Padahal, berdasarkan regulasi yang berlaku, PNBP untuk layanan PLB tercatat nol rupiah. Fakta ini menimbulkan pertanyaan serius mengenai dasar penarikan biaya dan transparansi pengelolaannya. Jika negara tidak memungut, lalu atas nama apa petugas di lapangan diminta menyetor?

 

Di sisi lain, realitas penugasan di wilayah perbatasan jauh dari kata mudah. Sumber menggambarkan tingginya biaya hidup, keterbatasan akses logistik, hingga risiko keamanan yang selalu mengintai petugas. Namun kondisi tersebut dinilai tidak menjadi pertimbangan dalam kebijakan setoran yang dibebankan.

 

“Apakah pimpinan benar-benar mengetahui keseharian anggota di pos perbatasan? Risiko dan biaya hidup di sini sangat tinggi,” ujar sumber dengan nada mempertanyakan.

 

Ia menegaskan, para petugas tidak menutup mata terhadap adanya anggaran perbatasan yang disediakan bagi personel pos. Namun, menurutnya, hal itu tidak dapat dijadikan pembenaran untuk mengabaikan kebutuhan dasar petugas yang bertugas jauh dari keluarga.

 

“Bhakti kami nyata di lapangan. Tapi kami juga manusia, punya keluarga yang harus dinafkahi,” tambahnya.

 

Di Hari Bhakti Imigrasi ke-76, pengakuan ini menjadi tamparan keras bagi semangat reformasi birokrasi dan slogan pengabdian yang kerap digaungkan dalam seremoni. Ketika pengabdian dimaknai sebagai pengorbanan tanpa batas dari bawah, sementara dugaan beban finansial justru mengalir ke atas, makna “bhakti” patut dipertanyakan.

 

Media ini juga masih berupaya memperoleh tanggapan dari pihak Kantor Wilayah maupun Direktorat Jenderal Imigrasi.

 

Publik kini menunggu langkah nyata dari pemerintah pusat.

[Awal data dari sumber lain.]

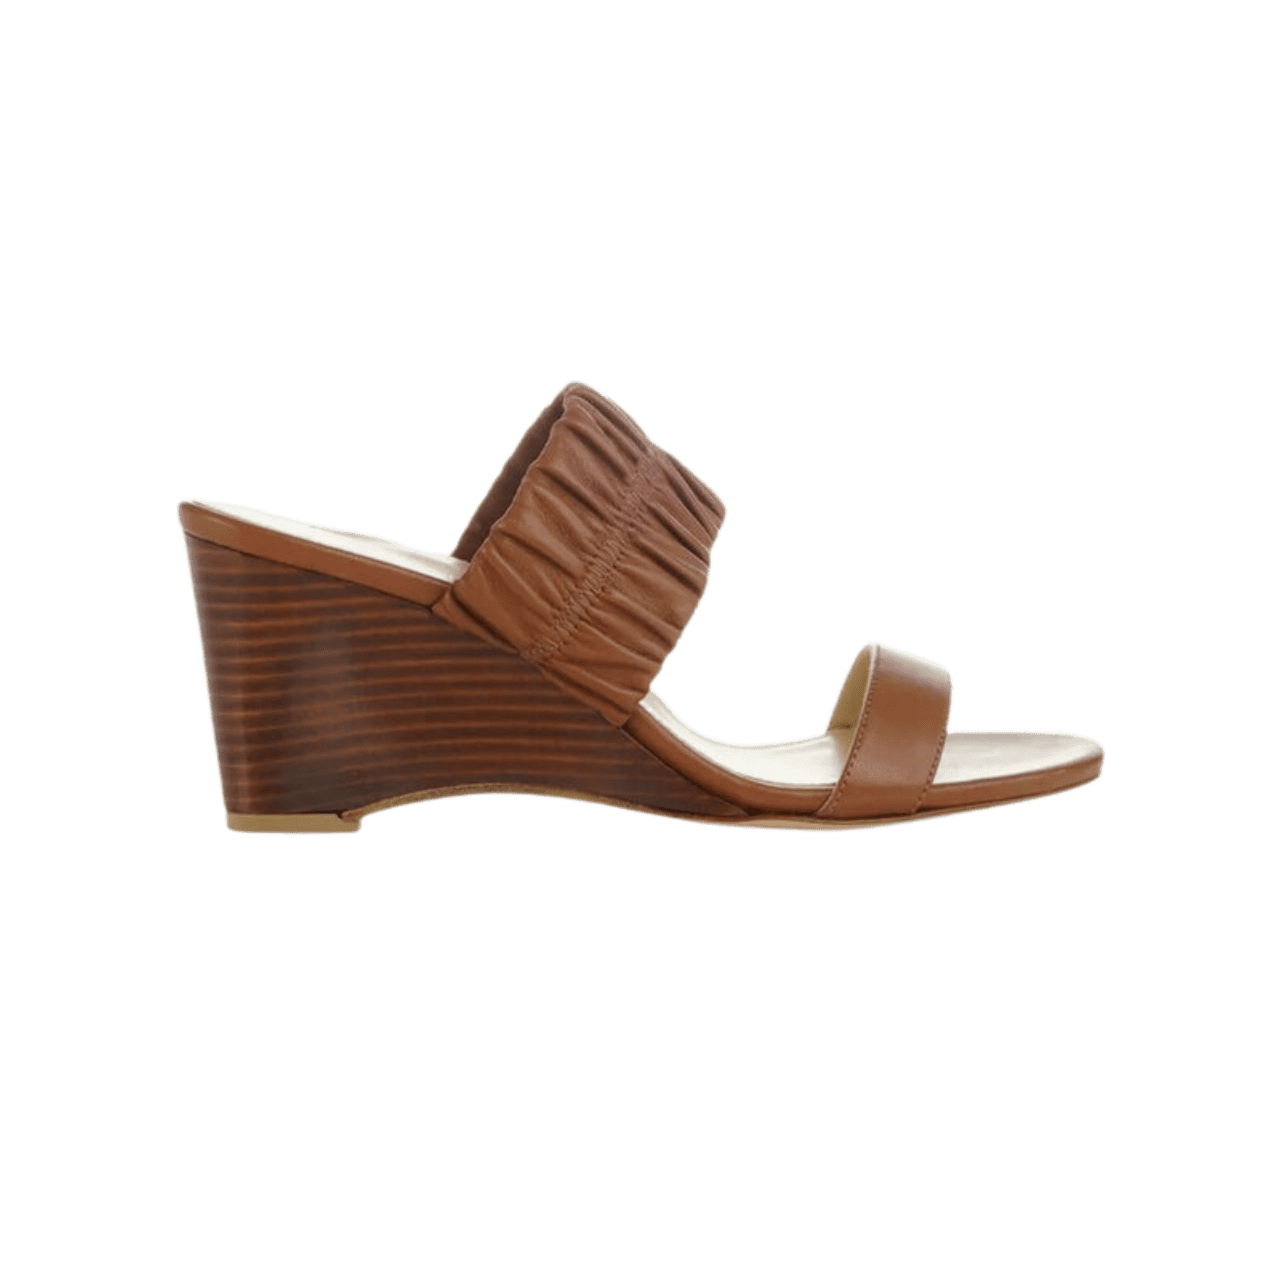 Marion Parke Margo slide wedge sandals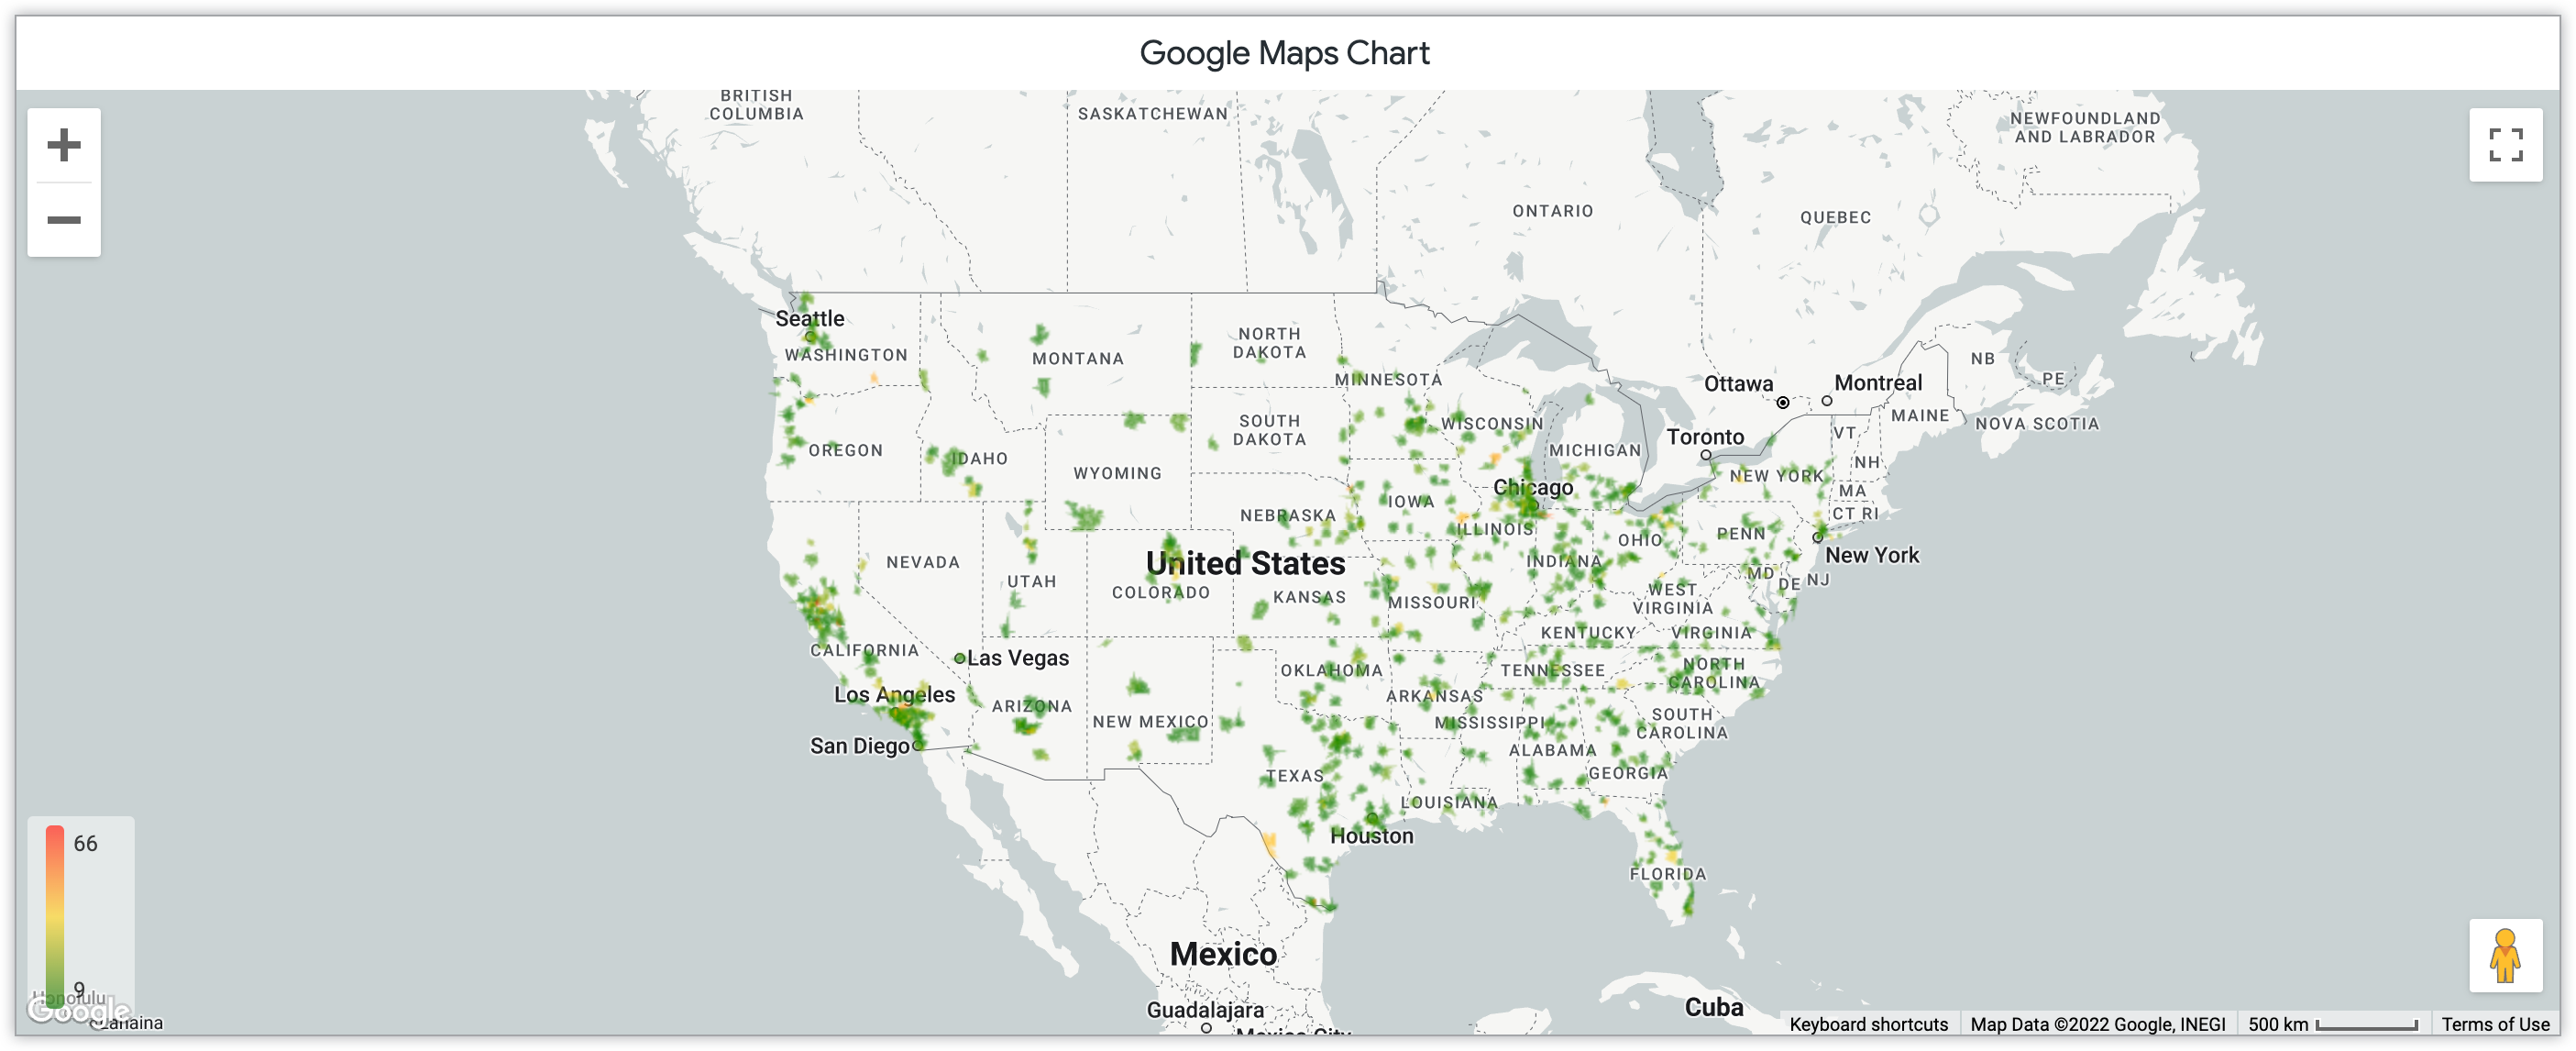 Grafico di Google Maps della mappa termica che mostra la quantità di prodotti venduti al mese nei codici postali negli Stati Uniti.

Di usia ke-76, Hari Bhakti Imigrasi seharusnya tidak berhenti pada seremoni dan slogan, tetapi menjadi momentum bersih-bersih internal, memastikan bahwa pengabdian di perbatasan tidak dibalas dengan beban yang mencederai rasa keadilan.

banner 336x280

Tinggalkan Balasan

Alamat email Anda tidak akan dipublikasikan. Ruas yang wajib ditandai *

No More Posts Available.

No more pages to load.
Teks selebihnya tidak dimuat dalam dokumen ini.